Worthwhile with only minor engagement issues, often matters of taste or creative differences. A five-tier system would fold this into the top rank.

BTIER

An honorable mention. Occasionally captivating, but it disappoints with severe, obvious stumbling blocks that feel more like mistakes and lost potential than differences of opinion.

CTIER

Background noise – optionally preferable to silence, which is actually praiseworthy. It commands no attention, but when attention is given it does not offend. These qualities allow this media to occupy niches in our lives which others cannot.

DTIER

A few worthwhile aspects save this from being a complete waste of time. Generally, only fans of the media's genre should bother with these.

ETIER

This might be the worst, because it actively wasted my time.
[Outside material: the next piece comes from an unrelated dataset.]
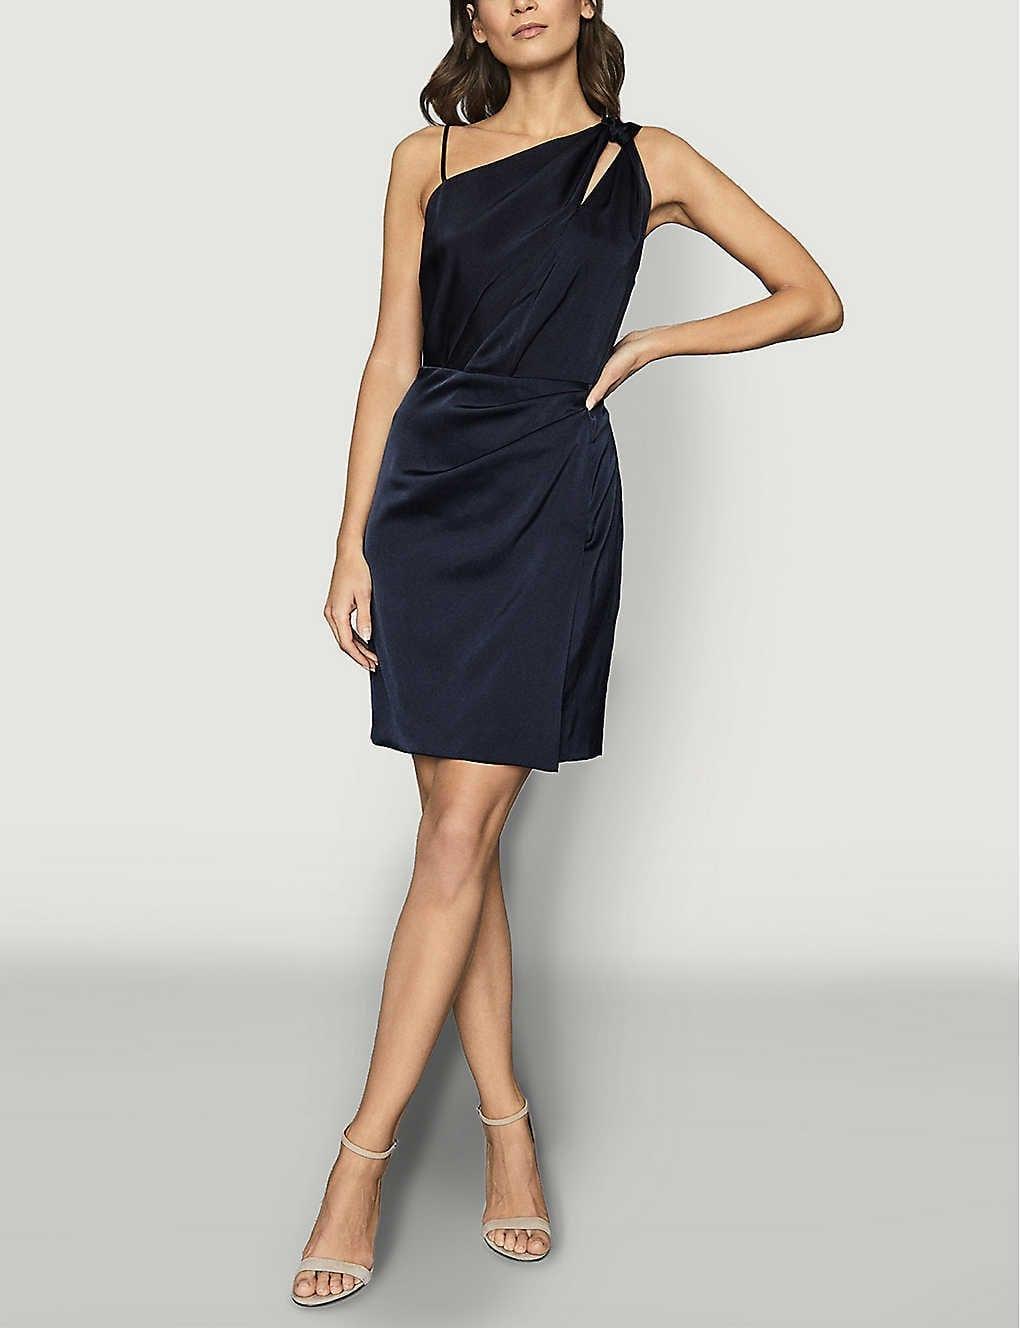 REISS Adara One Shoulder Satin Midi Dress

If it had been more transparently awful up front, at least I could have reallocated my time.

FTIER

So much worse than sitting in silence and doing nothing that it's not worth finishing or giving it a "fair" shake.

Errata

No fractional scores.
No empty scores.
No special scores.
No intra-tier rankings. Nothing is "at the top of A" or "at the bottom of S".
The absence of a score simply indicates that I haven't reviewed it yet. It is not a sub-F snub.
If I completed something, it cannot receive an F rating.
If I have any complaints, it cannot receive an S rating.
An A or B review must elaborate on my complaints.

Next Steps

For me the core of this is a settled matter. I'd like to support it, perhaps by fleshing it out with my own tooling like the sharing-friendly webapps that already exist.

Once a robust backlog of reviews have been ported over, I'd like to make a tier list view option for various pages on the site - that would probably be a good stepping stone to the aforementioned tooling.

The next frontiers are aggregation handling and preemptive assessments of unexperienced media.

Aggregation Handling

Aggregation has two big problems in this system:

Because there are no fractional scores, you can't visually represent averages in the same tile format.
It's unclear whether ranks should be weighted evenly. If a director made 1 S-tier movie and 1 F-tier movie, is it really fair to equate their average to someone who made infinite C-tier slop? I'd rather the S count for much more, but the extent is not clear.

Preemptive Assessments

Assessing media that has not yet been experienced is very important to me. It has direct connections to the Problems of Memory and Curation I briefly explained in this blog post:

2020-06-20

The Hard Problems

#philosophy#time#productivity

I prototyped additional categories representing a negative expectation, neutral or unknown expectation, and a positive expectation, but I have since removed them because they were not worth the cognitive and architectural overhead. I will revisit this in the future.